Hate austerity? Don't go so deeply in debt

May 11, 2012

Your recent editorial on European elections states that "the real lesson to be drawn from the rise ofFrance's Francois Hollande and others is that many in Europe are fed up with austerity measures" ("Rejecting austerity," May 9).

Contrary to that assertion, the real lesson to be drawn from the European debt crisis is that a country cannot afford to be so deeply in debt that its prospective creditors are in a position to demand onerous loan covenants that are politically untenable. It remains to be seen which side (the creditor nations, e.g. Germany, or the debtor nations, e.g. Greece, Italy or Spain) blinks first. Americans may, indeed, be "perfectly capable of mustering a substantial anti-austerity reaction," but if the Chinese and Saudis demand austerity to continue to finance our ever-expanding debt, will the United States be in a position to say, "We don't need your stinkin' money"?

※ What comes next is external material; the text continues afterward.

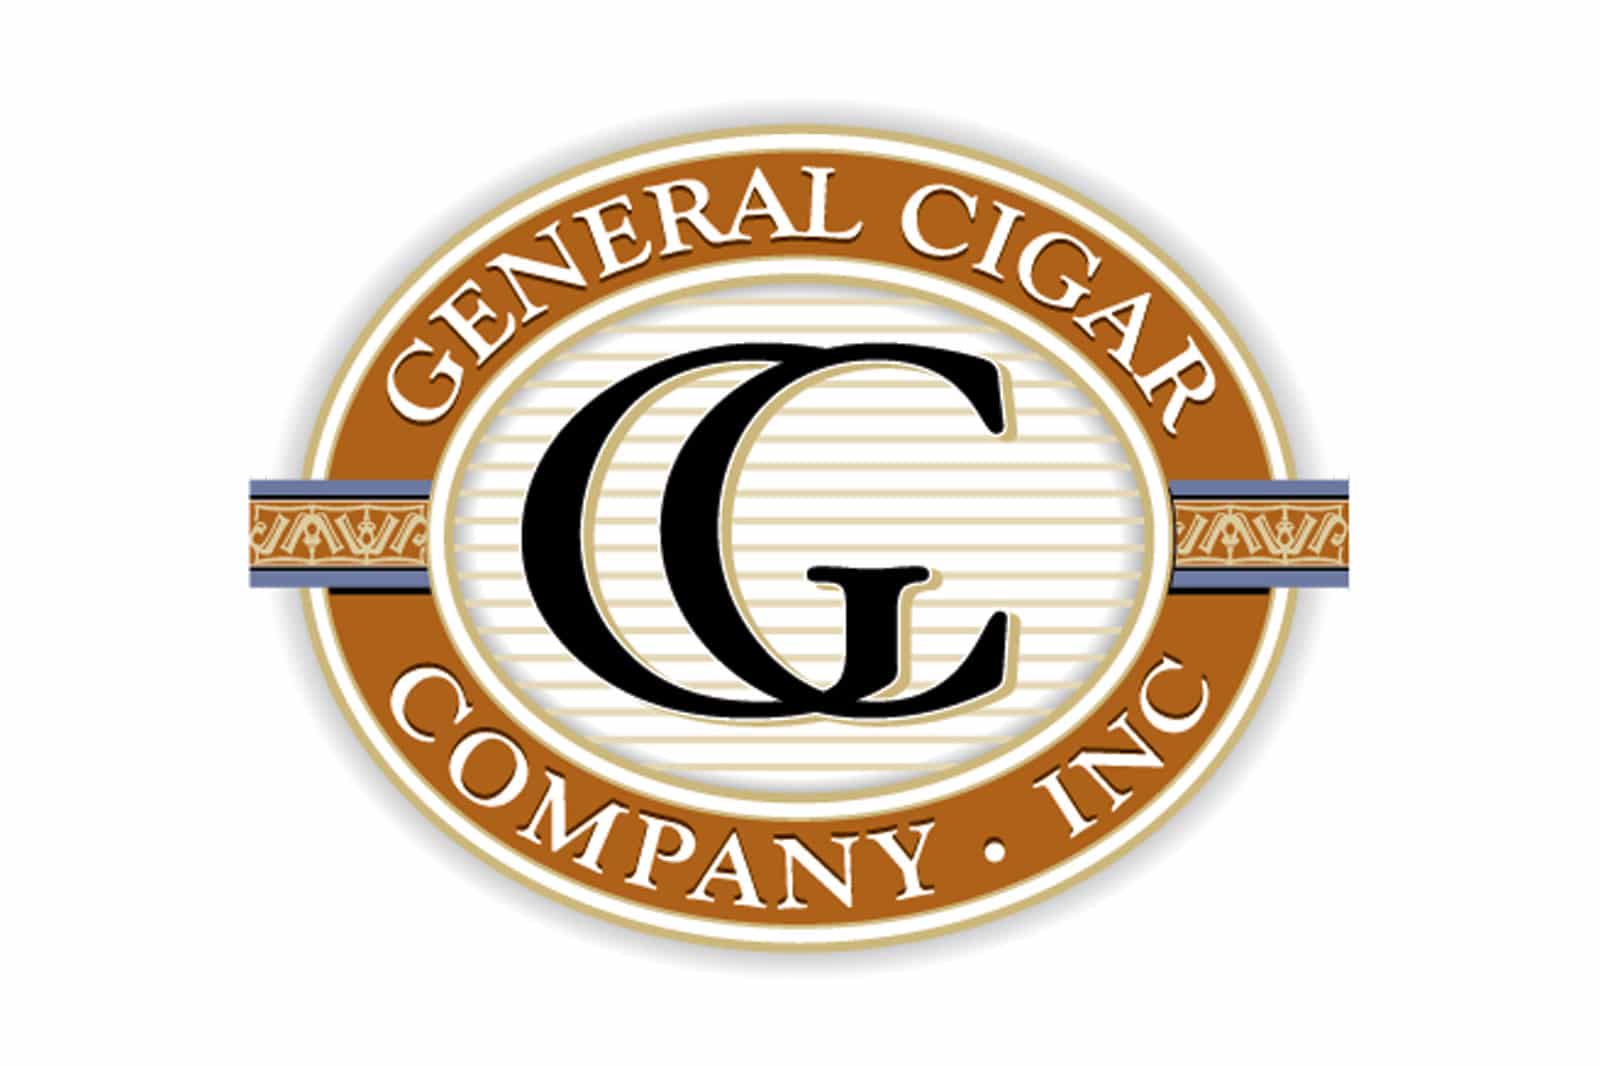 General Cigar Company logo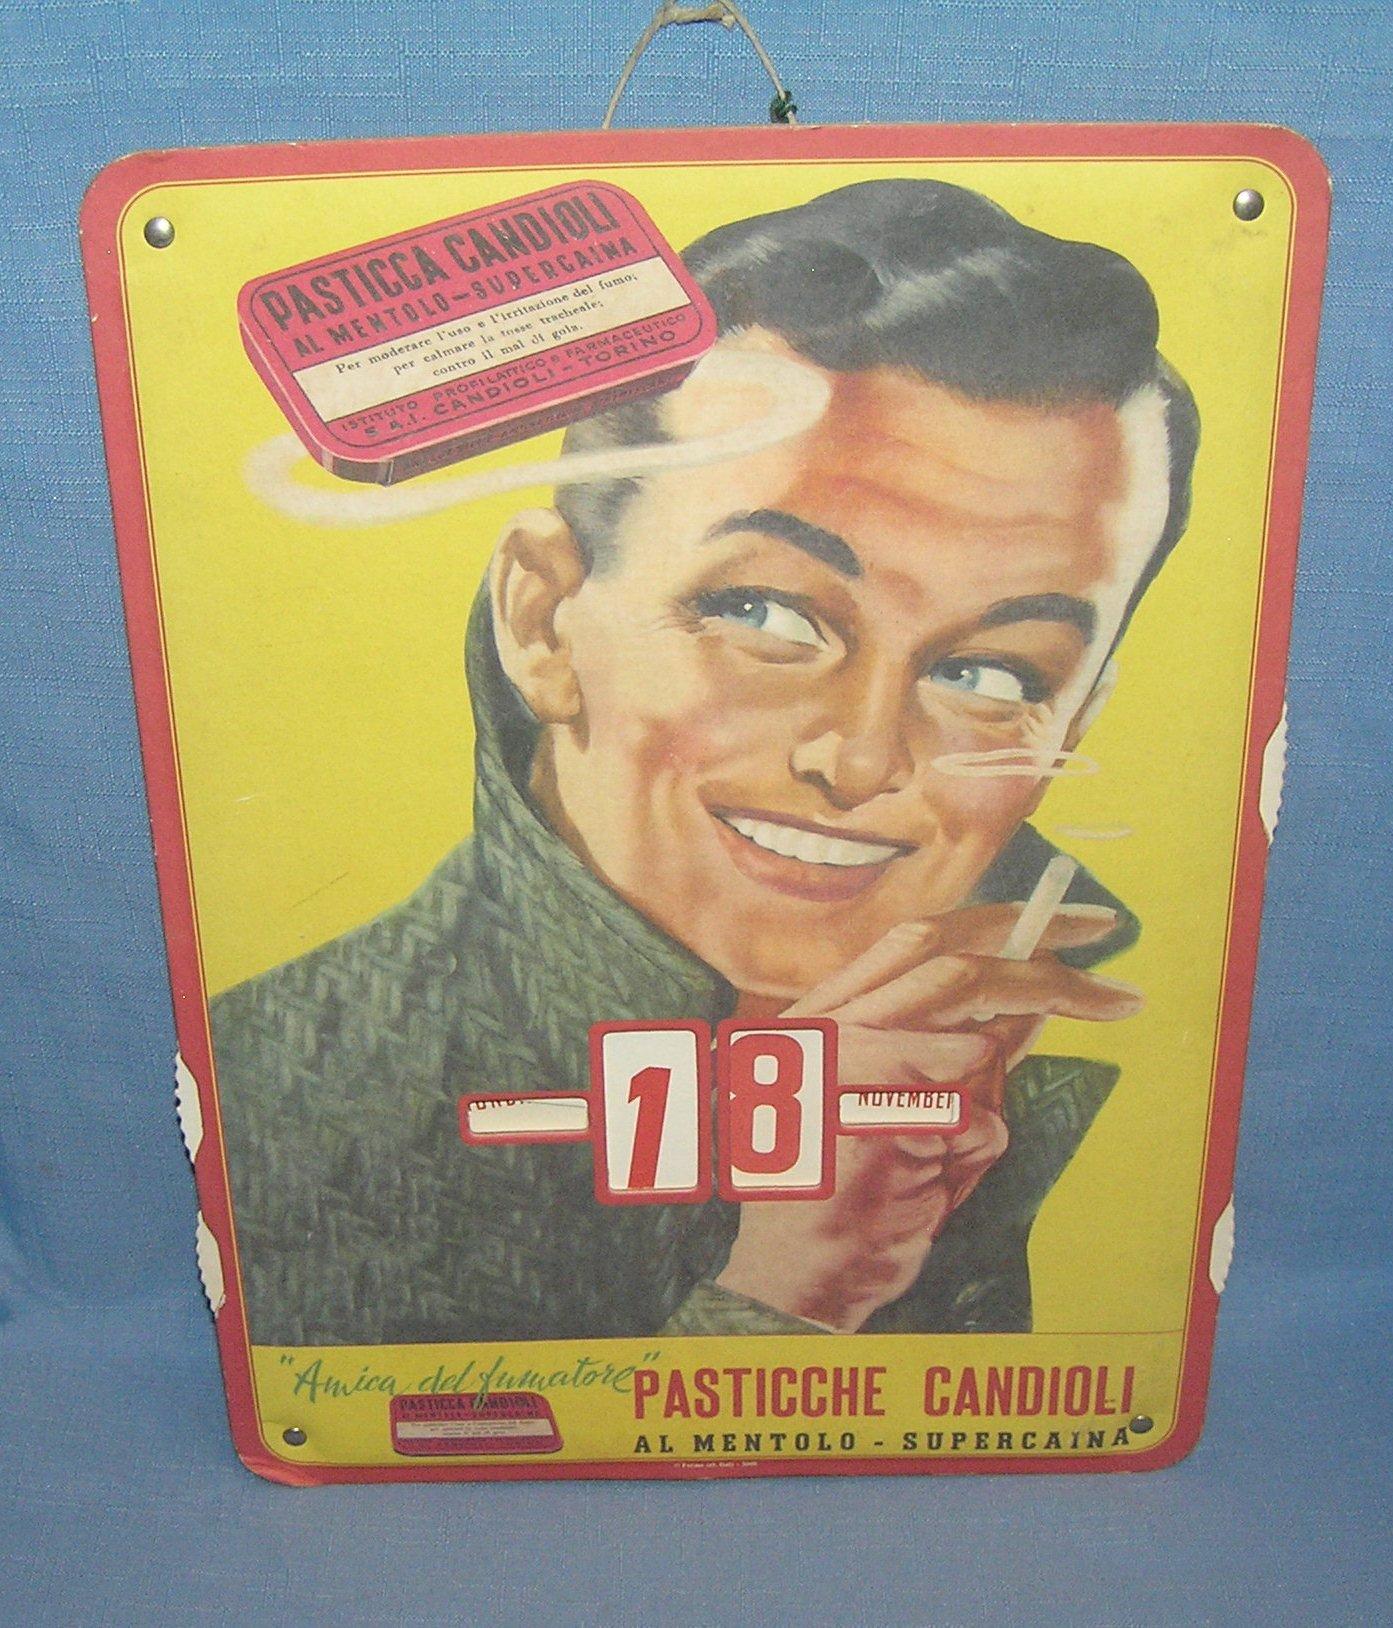 Cigarette advertising calendar for Ital. cigarettes

That same editorial refers to the impending "expiration of the Bush tax cuts." While I realize that Bush bashing is one of the few things that The Sun does well, I feel compelled to inform you that the "Bush tax cuts" expired some time ago. If you wish to describe our current income tax regime as the "Obama tax cuts" or even the "Obama extension of the Bush tax cuts," accuracy would be served, but I suppose that such descriptions would not serve the Sun's political agenda.